DATA SHOWN:
▬▬▬▬▬▬▬▬▬▬

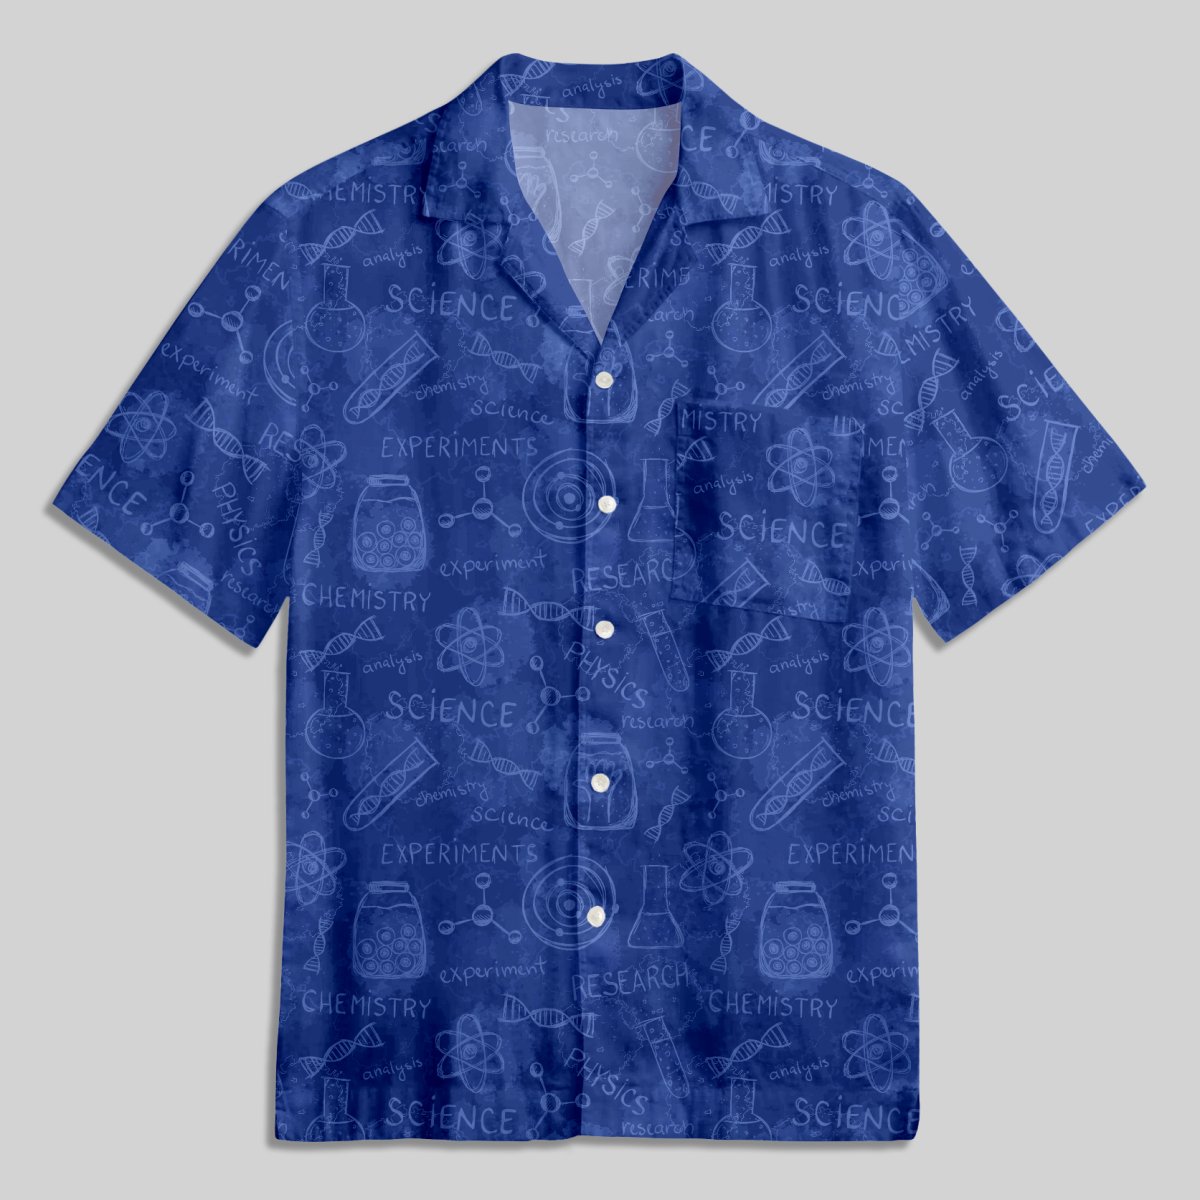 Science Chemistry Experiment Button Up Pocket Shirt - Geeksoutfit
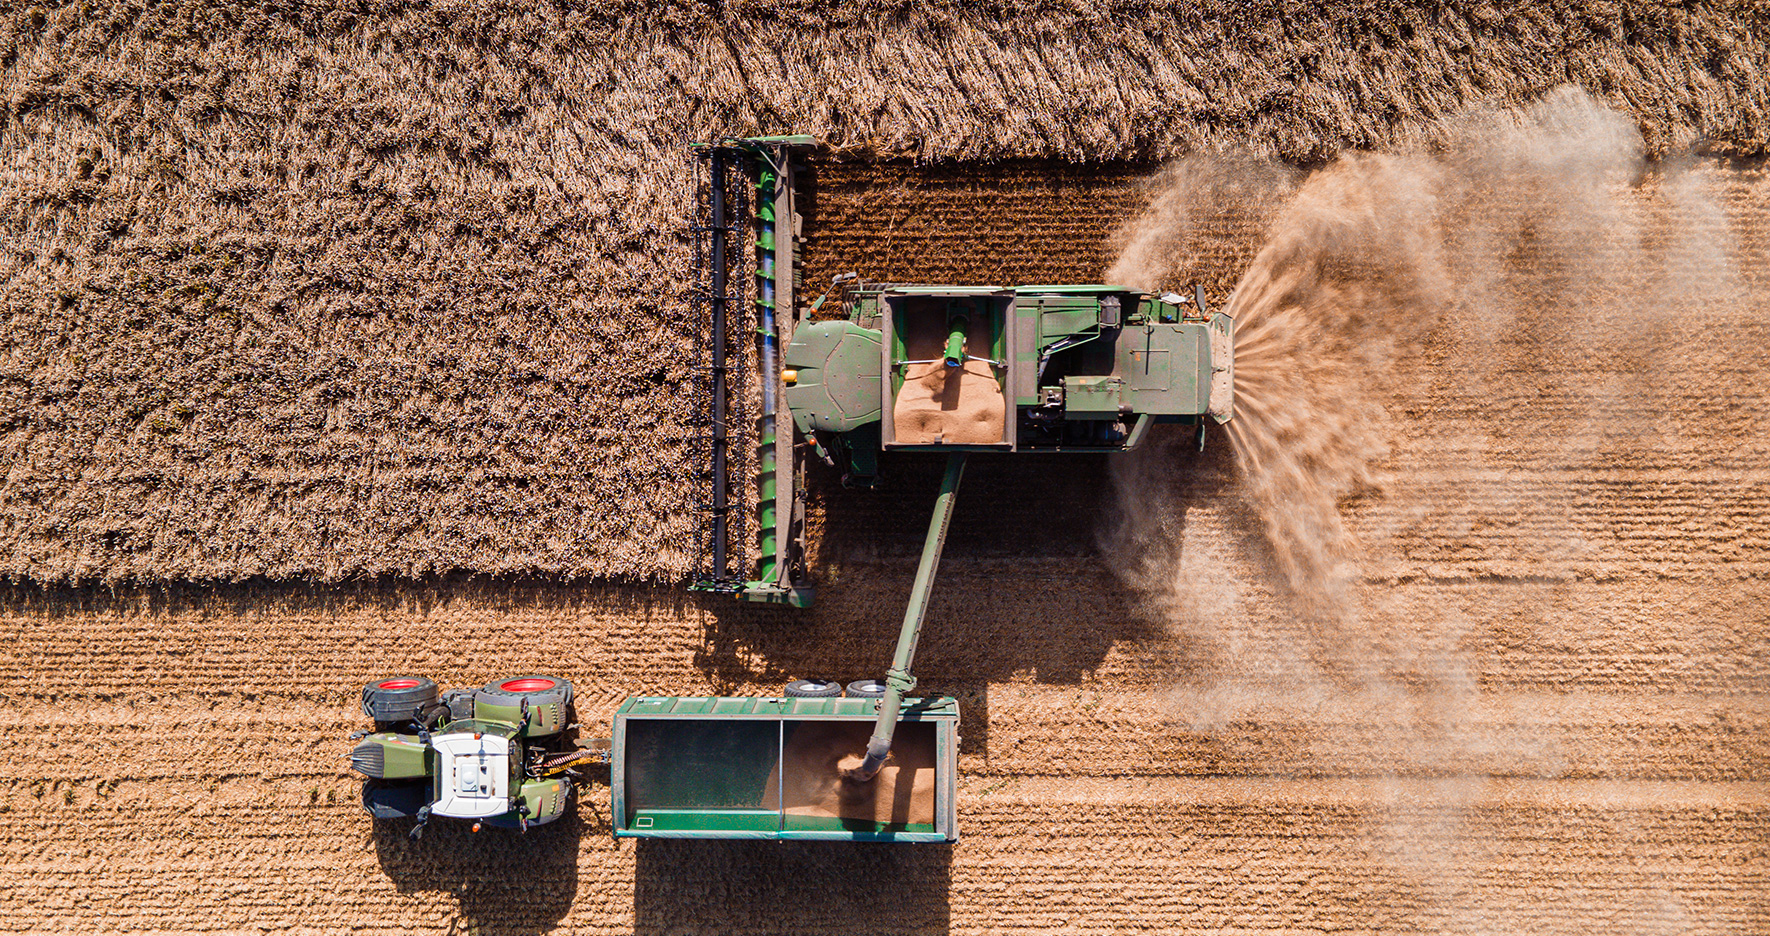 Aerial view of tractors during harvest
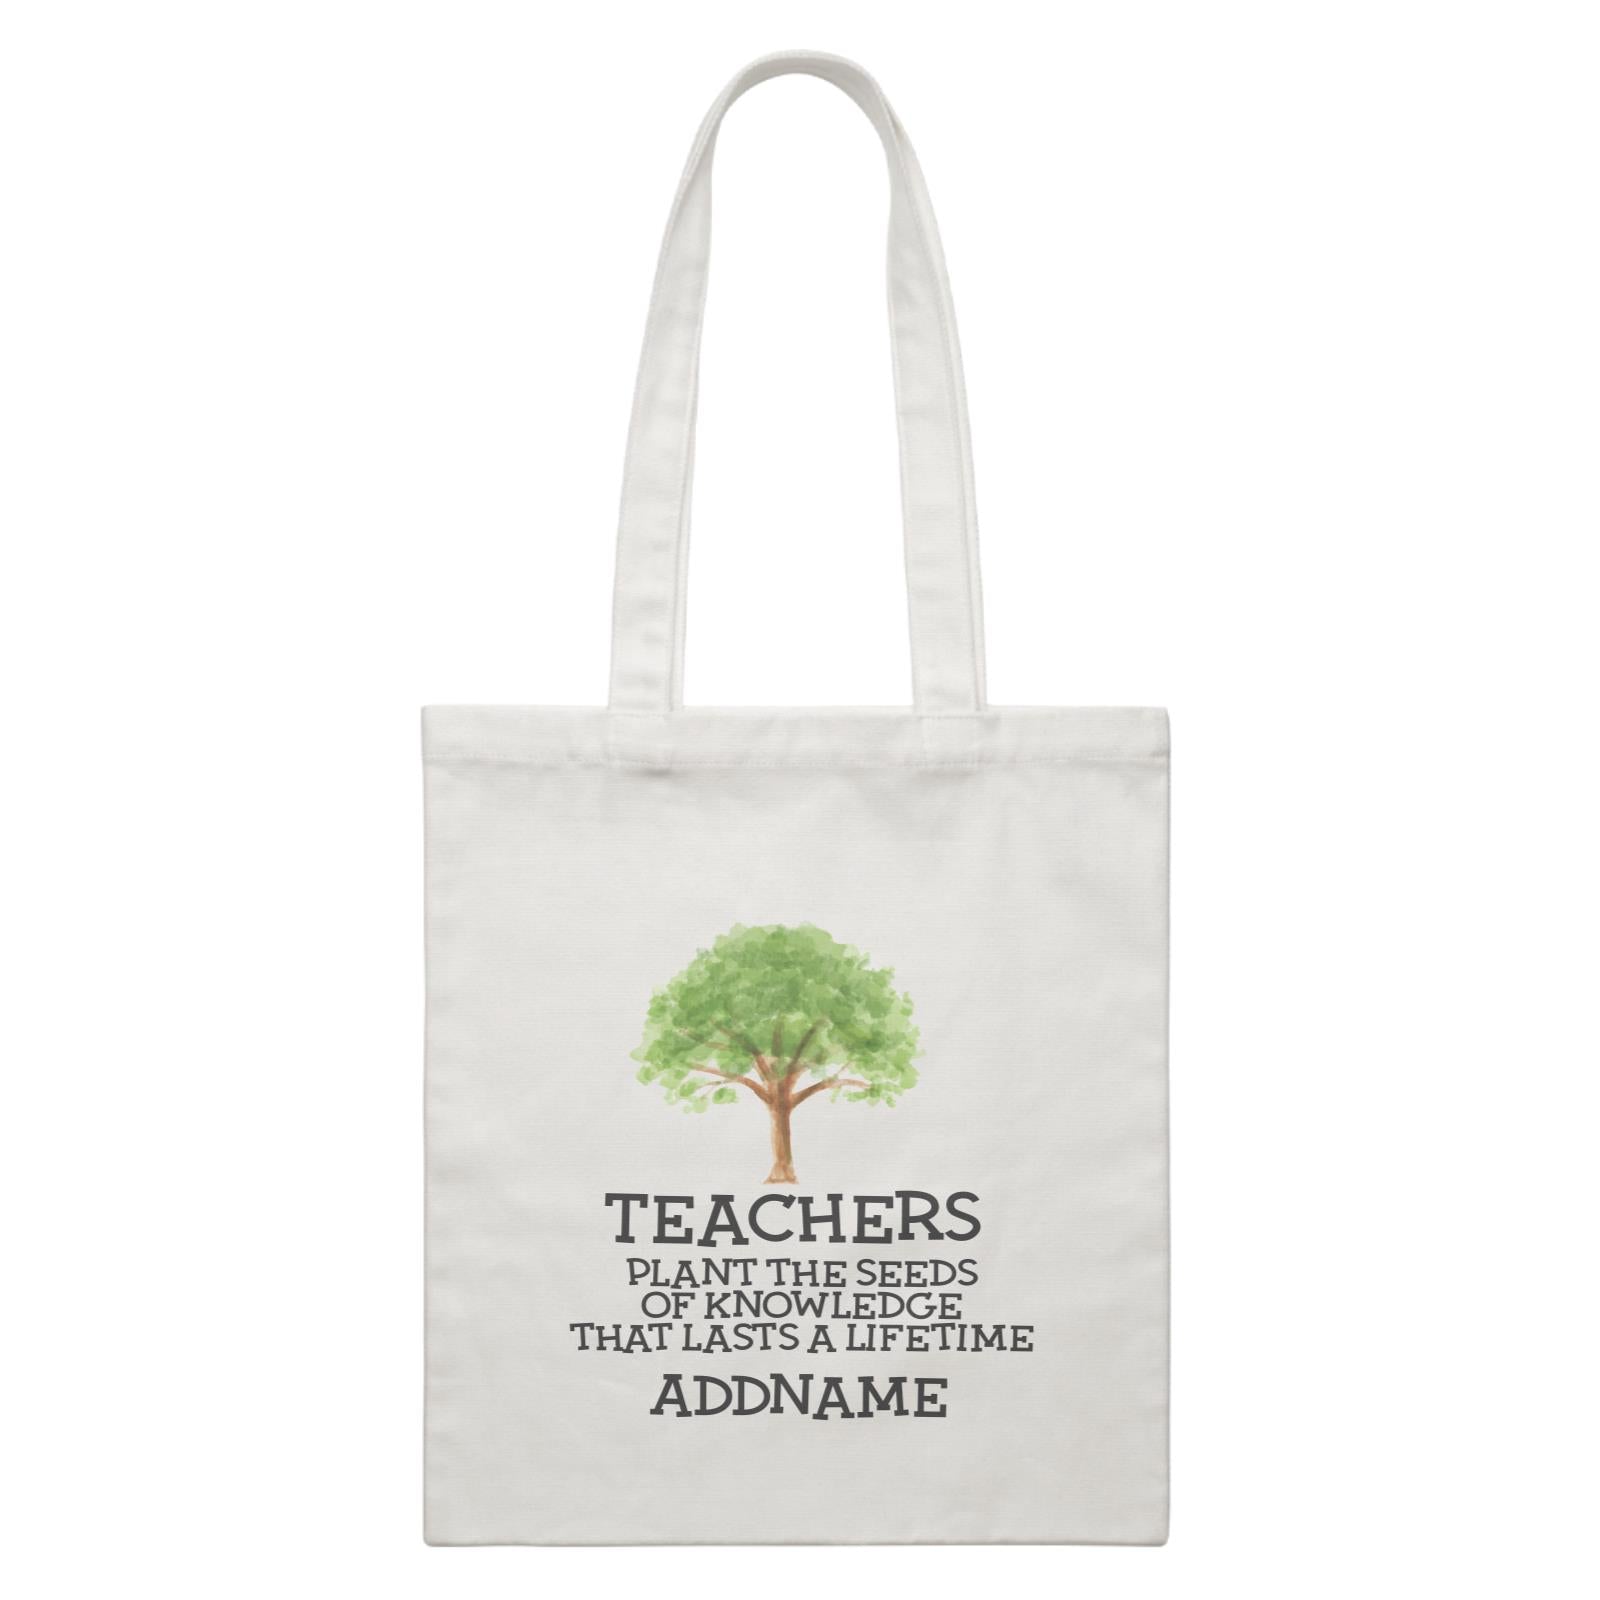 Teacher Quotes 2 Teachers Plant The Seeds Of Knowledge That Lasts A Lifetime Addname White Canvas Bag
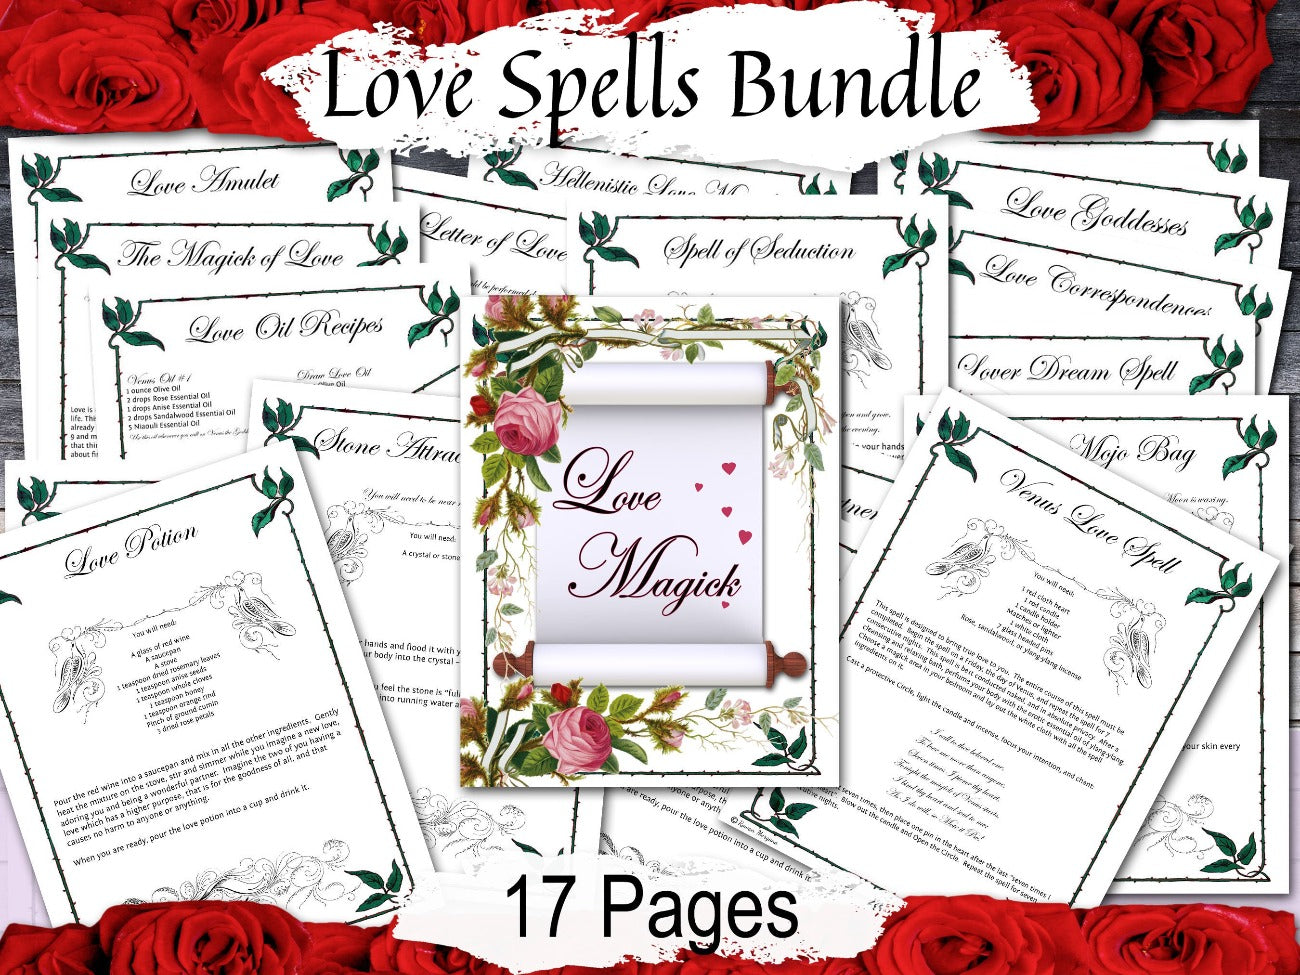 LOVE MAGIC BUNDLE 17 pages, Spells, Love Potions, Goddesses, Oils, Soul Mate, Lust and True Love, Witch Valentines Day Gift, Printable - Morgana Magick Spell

▬▬▬▬▬▬▬▬▬▬

AIM OF THE TASK: Reproduce the data word for word, excluding its pictures.

WORKED SOLUTION:
 Science Chemistry Experiment Button Up Pocket Shirt - Geeksoutfit
 Aerial view of tractors during harvest
 Teacher Quotes 2 Teachers Plant The Seeds Of Knowledge That Lasts A Lifetime Addname White Canvas Bag
 LOVE MAGIC BUNDLE 17 pages, Spells, Love Potions, Goddesses, Oils, Soul Mate, Lust and True Love, Witch Valentines Day Gift, Printable - Morgana Magick Spell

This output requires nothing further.